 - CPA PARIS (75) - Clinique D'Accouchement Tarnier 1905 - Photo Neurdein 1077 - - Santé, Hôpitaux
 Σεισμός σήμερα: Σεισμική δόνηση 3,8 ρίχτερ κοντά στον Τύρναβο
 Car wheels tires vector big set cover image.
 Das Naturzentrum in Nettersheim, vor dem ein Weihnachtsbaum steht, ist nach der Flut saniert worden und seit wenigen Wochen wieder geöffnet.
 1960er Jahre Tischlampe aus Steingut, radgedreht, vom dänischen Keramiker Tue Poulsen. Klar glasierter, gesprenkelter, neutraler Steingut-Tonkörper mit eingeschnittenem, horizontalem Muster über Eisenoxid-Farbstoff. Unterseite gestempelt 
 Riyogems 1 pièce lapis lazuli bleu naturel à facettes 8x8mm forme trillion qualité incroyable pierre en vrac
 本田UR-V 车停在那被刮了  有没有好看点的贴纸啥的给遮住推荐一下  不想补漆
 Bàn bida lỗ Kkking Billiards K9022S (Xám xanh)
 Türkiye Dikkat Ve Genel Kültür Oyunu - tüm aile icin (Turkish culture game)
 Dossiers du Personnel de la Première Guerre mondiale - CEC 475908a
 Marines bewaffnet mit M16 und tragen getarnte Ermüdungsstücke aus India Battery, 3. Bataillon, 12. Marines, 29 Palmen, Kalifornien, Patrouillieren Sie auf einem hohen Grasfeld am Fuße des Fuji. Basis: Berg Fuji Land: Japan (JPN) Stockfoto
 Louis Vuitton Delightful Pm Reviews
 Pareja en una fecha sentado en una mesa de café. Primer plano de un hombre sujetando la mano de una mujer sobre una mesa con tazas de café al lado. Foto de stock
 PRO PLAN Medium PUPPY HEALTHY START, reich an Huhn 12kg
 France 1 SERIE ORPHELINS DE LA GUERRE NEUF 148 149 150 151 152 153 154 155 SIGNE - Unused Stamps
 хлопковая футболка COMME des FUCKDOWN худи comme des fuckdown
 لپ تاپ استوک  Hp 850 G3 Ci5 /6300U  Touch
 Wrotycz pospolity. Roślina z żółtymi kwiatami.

* Assignment:
Each line of the data is to be retyped exactly.

* Exercise response:
 - CPA PARIS (75) - Clinique D'Accouchement Tarnier 1905 - Photo Neurdein 1077 - - Santé, Hôpitaux
 Σεισμός σήμερα: Σεισμική δόνηση 3,8 ρίχτερ κοντά στον Τύρναβο
 Car wheels tires vector big set cover image.
 Das Naturzentrum in Nettersheim, vor dem ein Weihnachtsbaum steht, ist nach der Flut saniert worden und seit wenigen Wochen wieder geöffnet.
 1960er Jahre Tischlampe aus Steingut, radgedreht, vom dänischen Keramiker Tue Poulsen. Klar glasierter, gesprenkelter, neutraler Steingut-Tonkörper mit eingeschnittenem, horizontalem Muster über Eisenoxid-Farbstoff. Unterseite gestempelt 
 Riyogems 1 pièce lapis lazuli bleu naturel à facettes 8x8mm forme trillion qualité incroyable pierre en vrac
 本田UR-V 车停在那被刮了  有没有好看点的贴纸啥的给遮住推荐一下  不想补漆
 Bàn bida lỗ Kkking Billiards K9022S (Xám xanh)
 Türkiye Dikkat Ve Genel Kültür Oyunu - tüm aile icin (Turkish culture game)
 Dossiers du Personnel de la Première Guerre mondiale - CEC 475908a
 Marines bewaffnet mit M16 und tragen getarnte Ermüdungsstücke aus India Battery, 3. Bataillon, 12. Marines, 29 Palmen, Kalifornien, Patrouillieren Sie auf einem hohen Grasfeld am Fuße des Fuji. Basis: Berg Fuji Land: Japan (JPN) Stockfoto
 Louis Vuitton Delightful Pm Reviews
 Pareja en una fecha sentado en una mesa de café. Primer plano de un hombre sujetando la mano de una mujer sobre una mesa con tazas de café al lado. Foto de stock
 PRO PLAN Medium PUPPY HEALTHY START, reich an Huhn 12kg
 France 1 SERIE ORPHELINS DE LA GUERRE NEUF 148 149 150 151 152 153 154 155 SIGNE - Unused Stamps
 хлопковая футболка COMME des FUCKDOWN худи comme des fuckdown
 لپ تاپ استوک  Hp 850 G3 Ci5 /6300U  Touch
 Wrotycz pospolity. Roślina z żółtymi kwiatami.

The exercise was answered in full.